Does ZF prove that the union of a $\subseteq$-chain of well-orderable sets is again well-orderable
axiom-of-choiceset-theorywell-orders
Best Answer
Suppose, for example, that $R$ is a set of socks, namely, it can be partitioned into countably many sets, $P_n$, each of size exactly $2$, and no infinitely many of them admit a choice function. The existence of such sets is consistent with $\sf ZF$ as was shown by Cohen (based on the work of Fraenkel before him).
Note, simply, that $R_n=\bigcup_{k<n}P_k$ is a finite set, and so it is certainly well-orderable, and $R=\bigcup R_n$ is certainly not well-orderable. This means that the chain $\{R_n\mid n<\omega\}$ is a chain of finite sets whose union is not well-orderable.
This can be easily repeated whenever we have a set that cannot be well-ordered, but can be written as an increasing union of well-orderable sets. For example $\Bbb R$ may be a countable union of countable sets, which implies it cannot be well-ordered, and in some cases it can be written as a union of $\omega_1$-type chain of sets of size $\aleph_1$ (but still not be well-orderable).
Okay, so maybe we can do this works for any set that cannot be well-ordered? Well, not quite. We say that $A$ is amorphous if it cannot be written as a disjoint union of two infinite sets. Note that this includes all the finite sets, but we'll usually discard them implicitly.

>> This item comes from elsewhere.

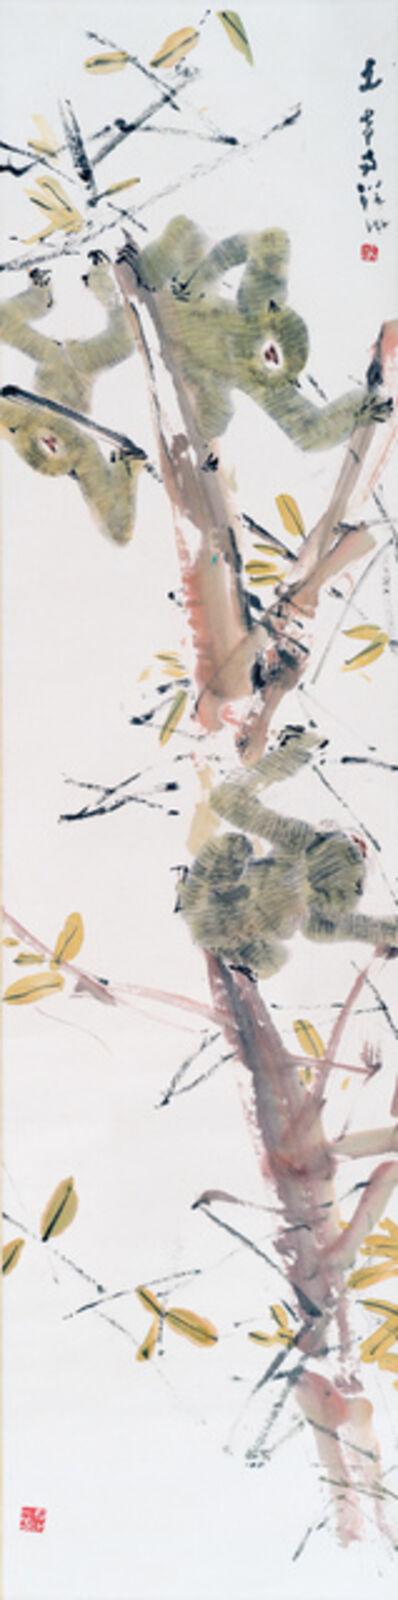 Chen Wen Hsi, 'Gibbons'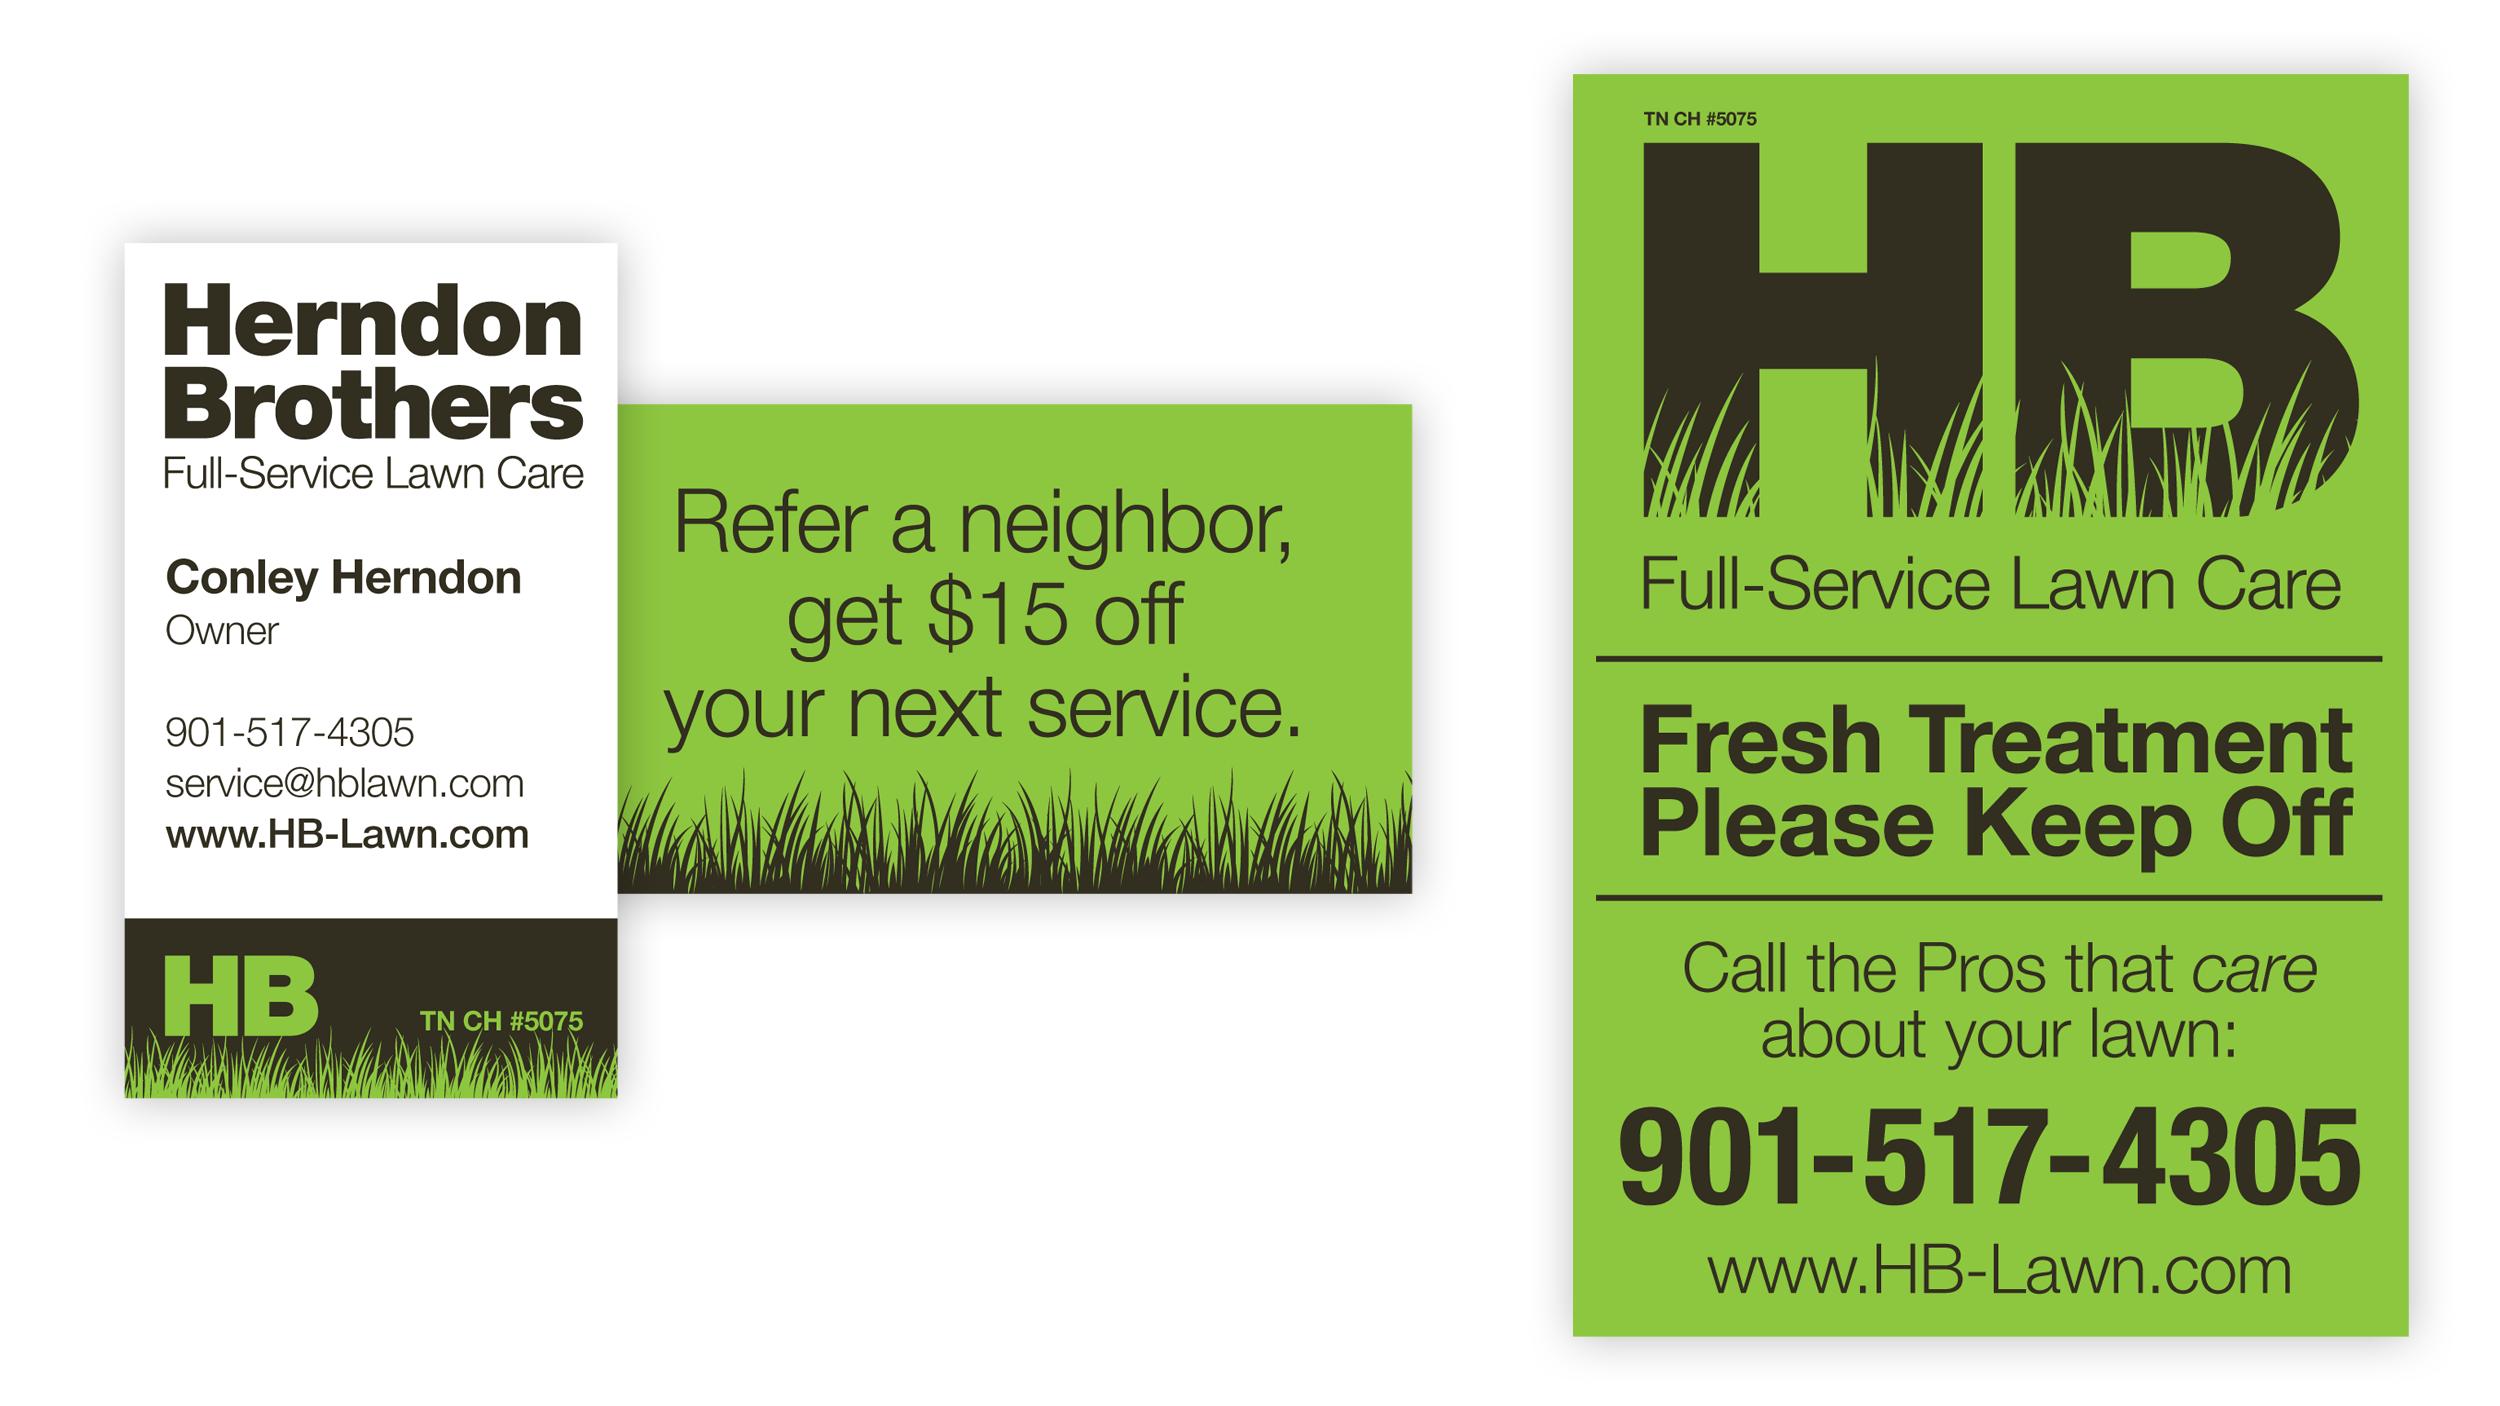 Herndon-Brothers-Lawn-Care_Print-Design_Dreamcapture_Memphis-TN_2

One quirky property of amorphous sets is that every function into any linearly ordered set must have a finite range. In particular, any chain of subsets must be finite. But since all the well-orderable subsets of an amorphous set are finite, that means that any chain of well-orderable sets is a finite set of finite subsets, so its union is finite, and thus well-orderable.
So, the final question remaining, does the statement "the union of a chain of well-orderable sets is well-orderable" imply the axiom of choice after all? I'd reckon the answer is again negative, but I don't have a proof off-hand.